Why has physical touch, such as hugging, became so out of boundaries is being nudged from people’s lives? Do we have a crisis of touch?

“Of course we are moving away from touch!” says Francis McGlone, a professor in neuroscience at Liverpool John Moores University and a leader in the field of affective touch. He is deeply concerned and worried. “We have demonized touch to a level at which it sparks off hysterical responses, it sparks off legislative processes, and this lack of touch is not good for mental health.”

“We seem to have been creating a touch-averse world,” he continues. “It’s time to recover the social power of touch.”

The sense of touch is very complex.
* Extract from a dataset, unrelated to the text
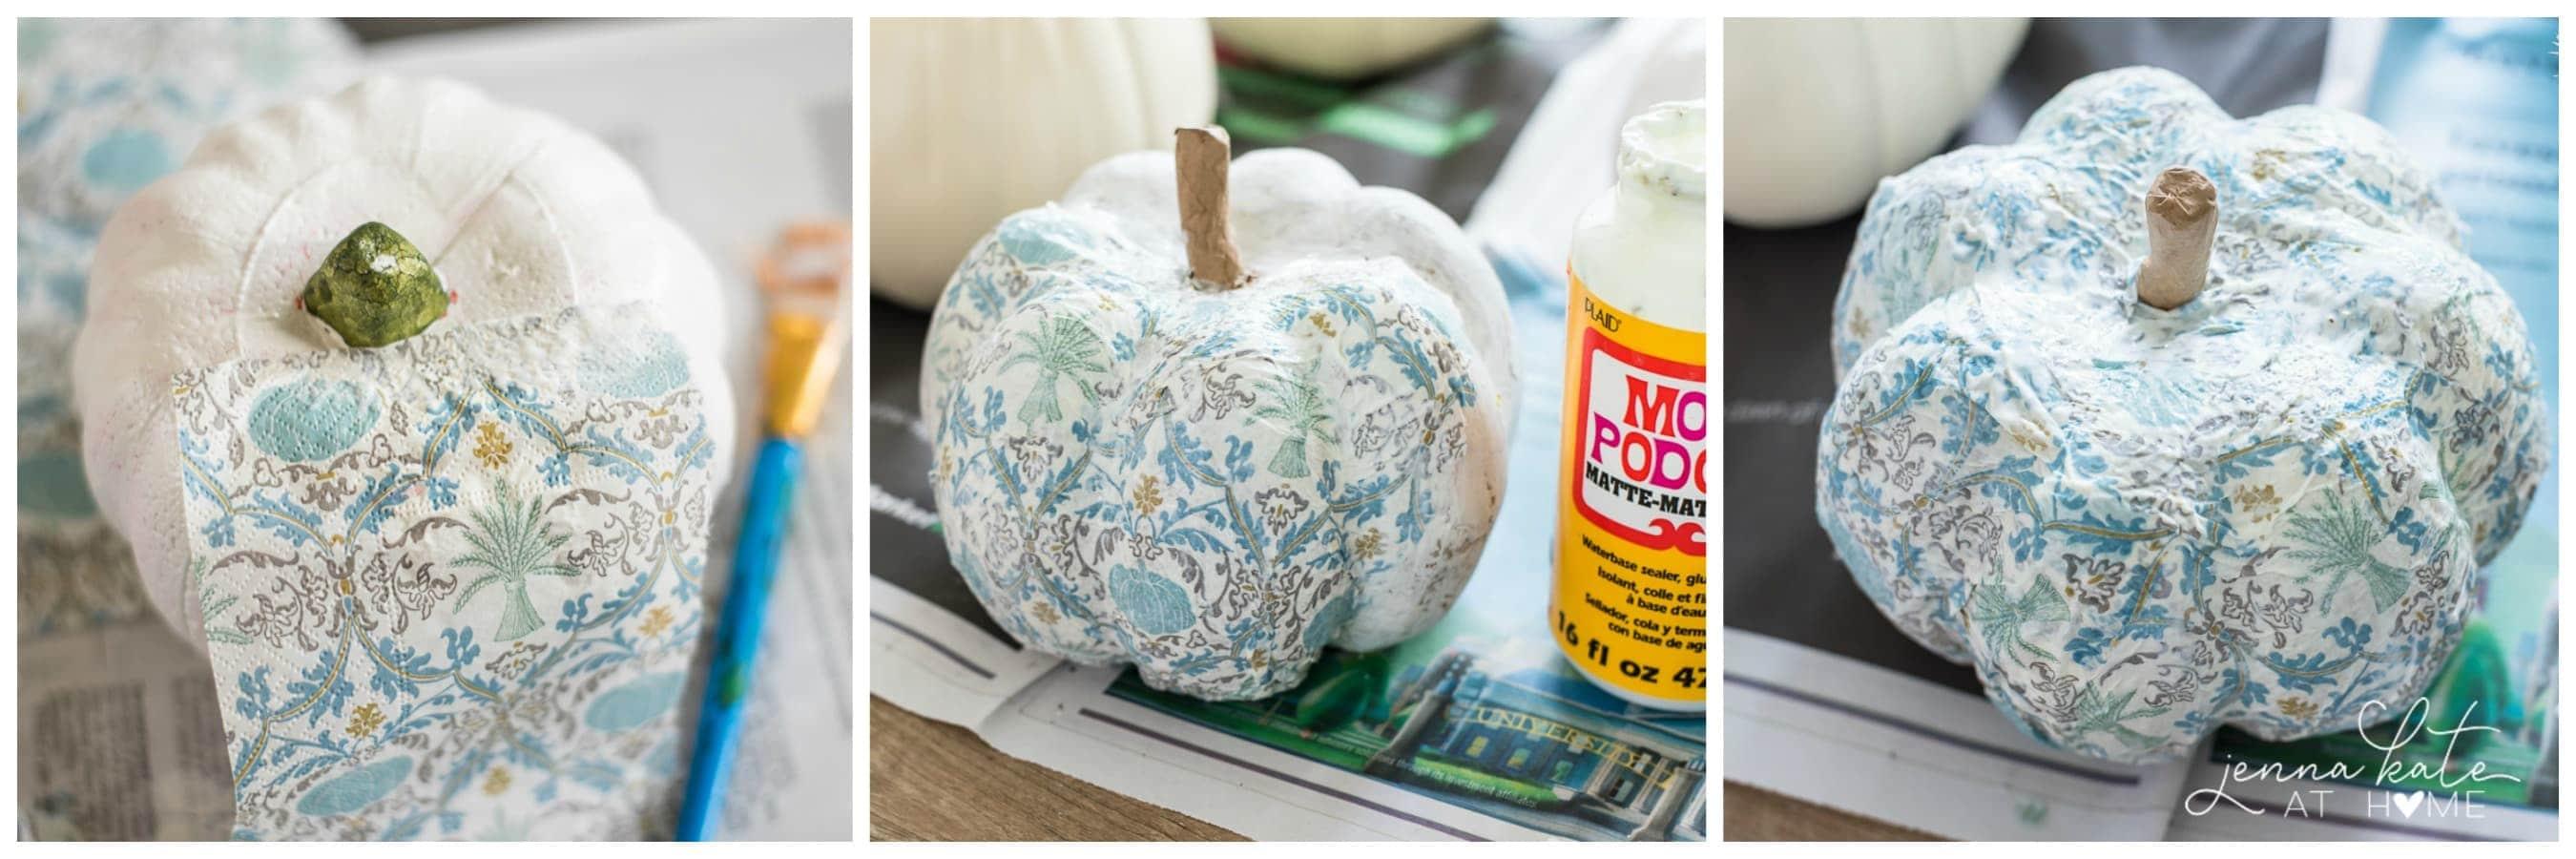 A fun and creative fall pumpkin decorating idea

It has many nerve endings that recognize vibration, pressure, texture, itch, and pain. And there is one designed solely for recognizing gentle stroking touch.
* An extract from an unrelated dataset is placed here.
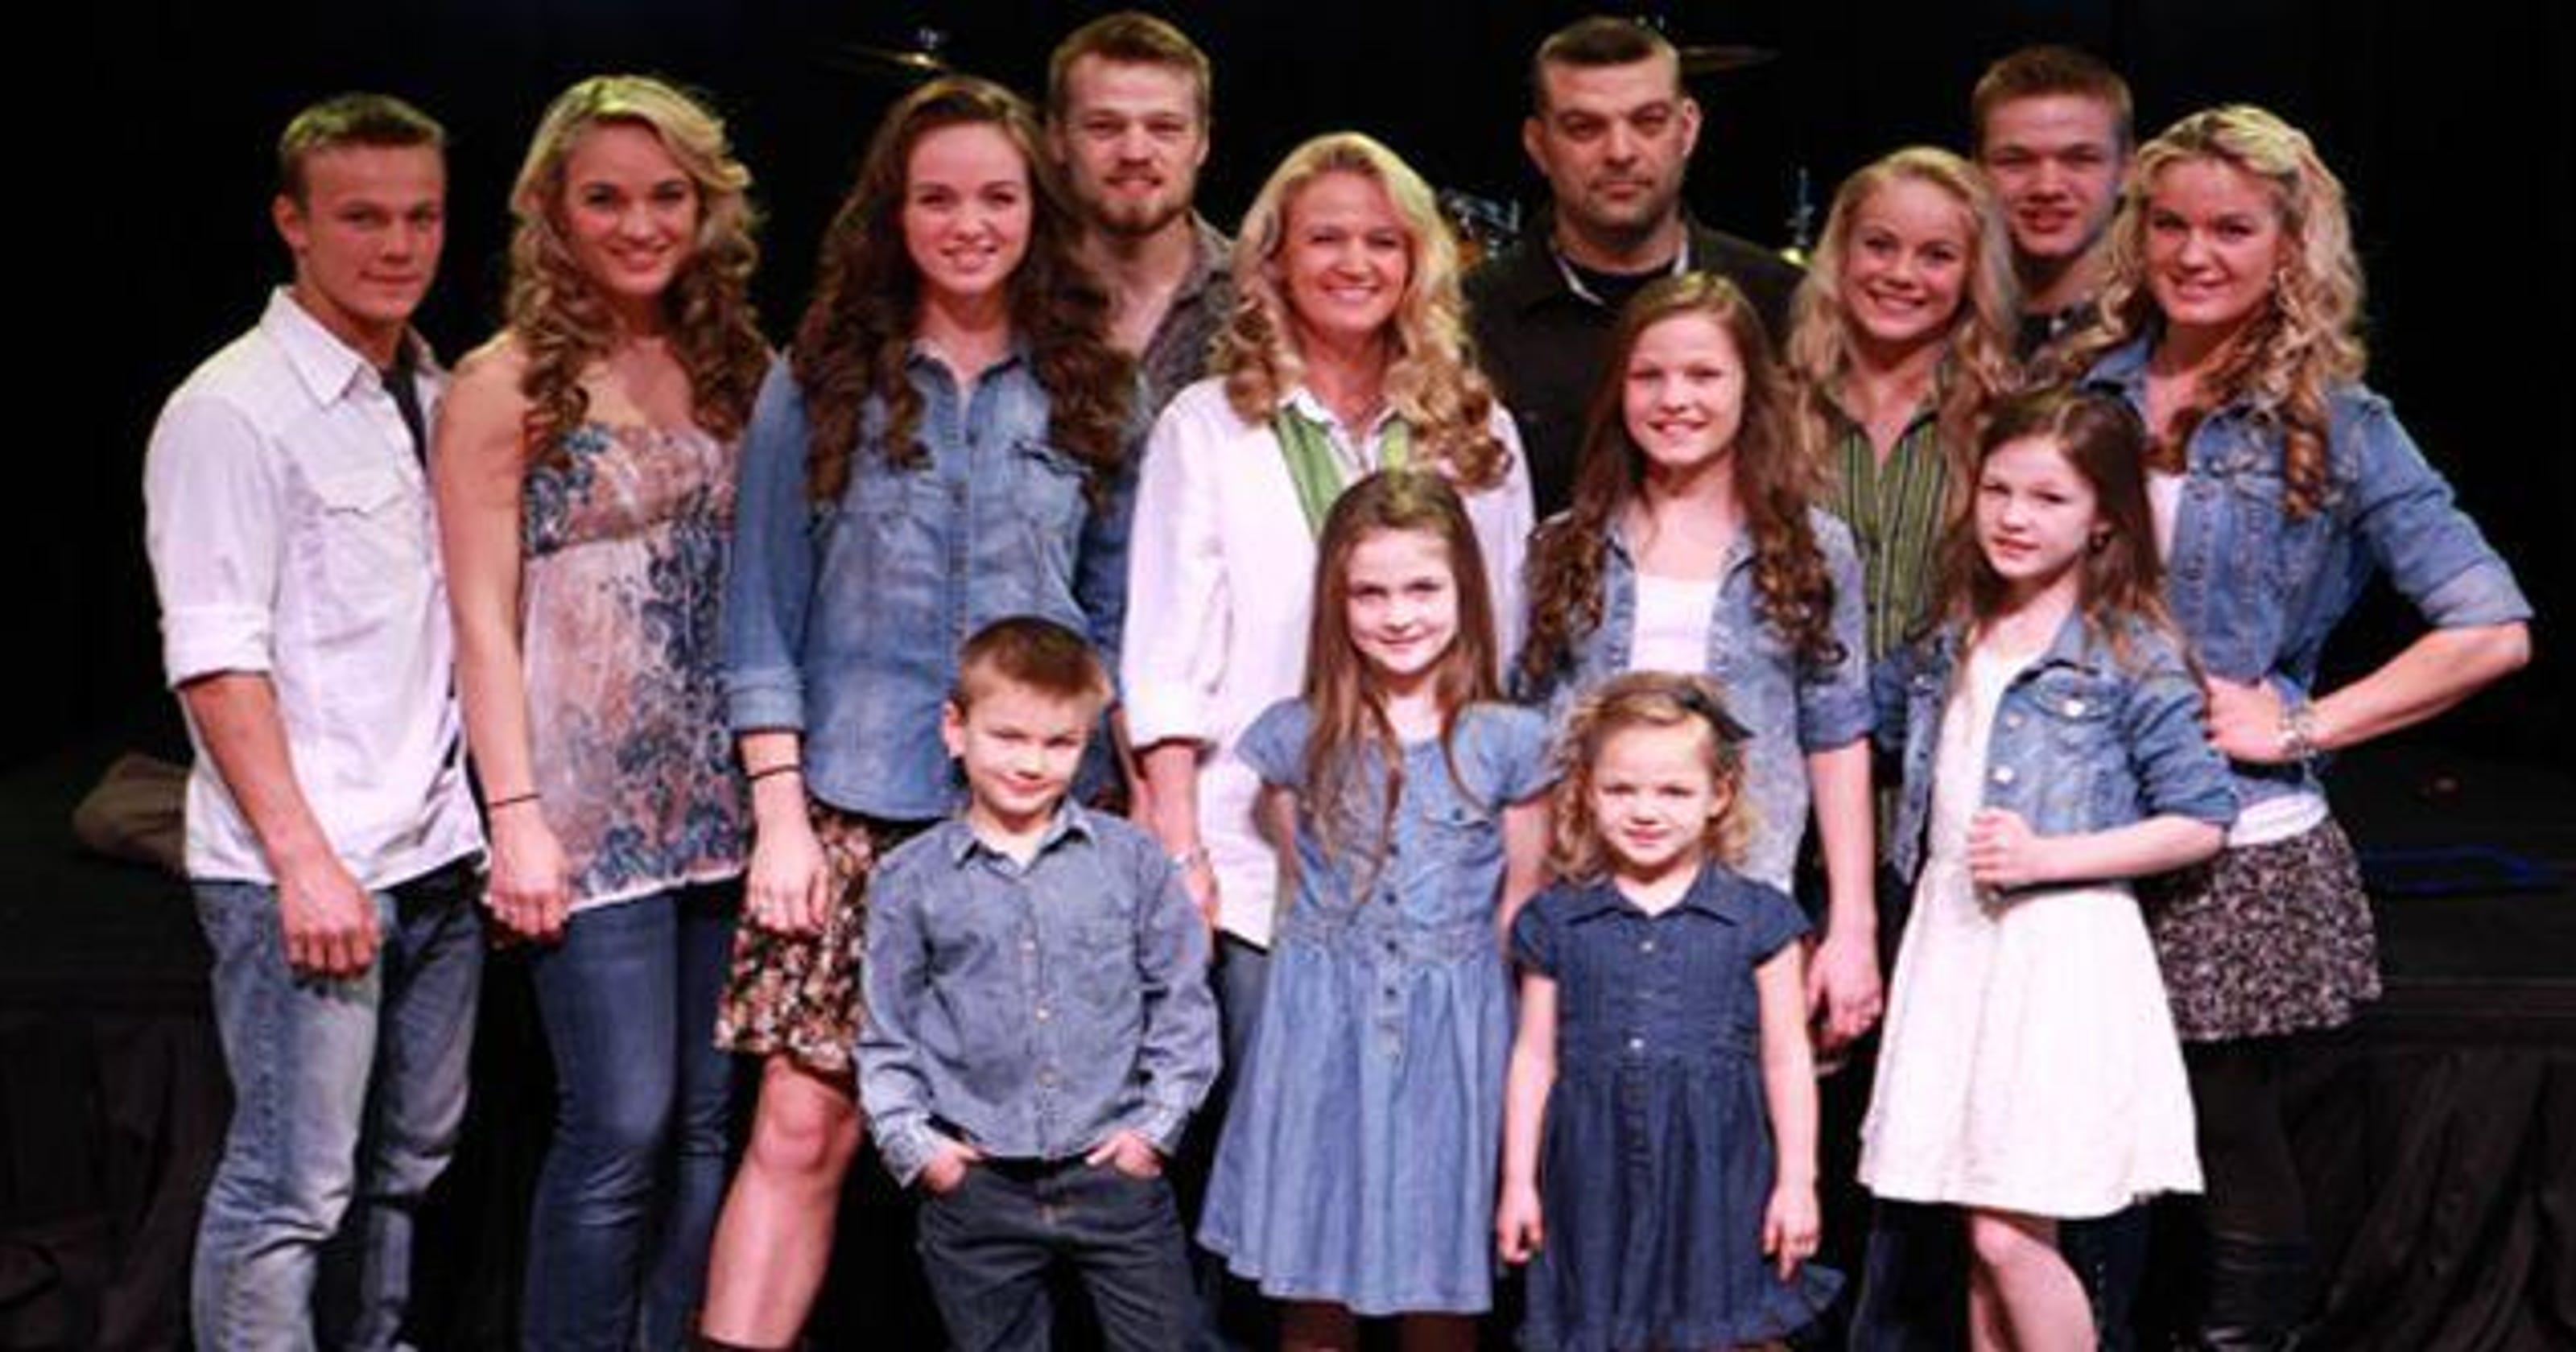 The Willis Family Returns To Tlc

Scientists have discovered that by slowly and gently stroking a person you can help them alleviate their feelings of pain and social abandonment.

We instinctively know the power of touch. That’s why the head of Marjory Stoneman Douglas in Florida hugged every student after the tragic shooting at the school. Princess Diana also knew that a single touch can change someone’s life and that’s why she held the hand of an Aids patient in 1987.

Touch has healing power. It slows down the release of cortisol, blood pressure, and heart rate, which improves people’s control over their stress hormones. Also, it boosts the immune system and it increases serotonin which is the natural antidepressant in our body, and it enables deep sleep.

And because touch serves as the main device for species recognition, the absence of it suggests that we humans have become less human.

It’s really a shame that we don’t see people touching and hugging each other these days. Everyone is on their cellphones, not caring about other people and what’s happening around them.

Let’s change this, shall we? Let’s start paying more attention to the people around us and hugging each other. Let’s bring ourselves closer to one another. There is enough distance and loneliness in this world.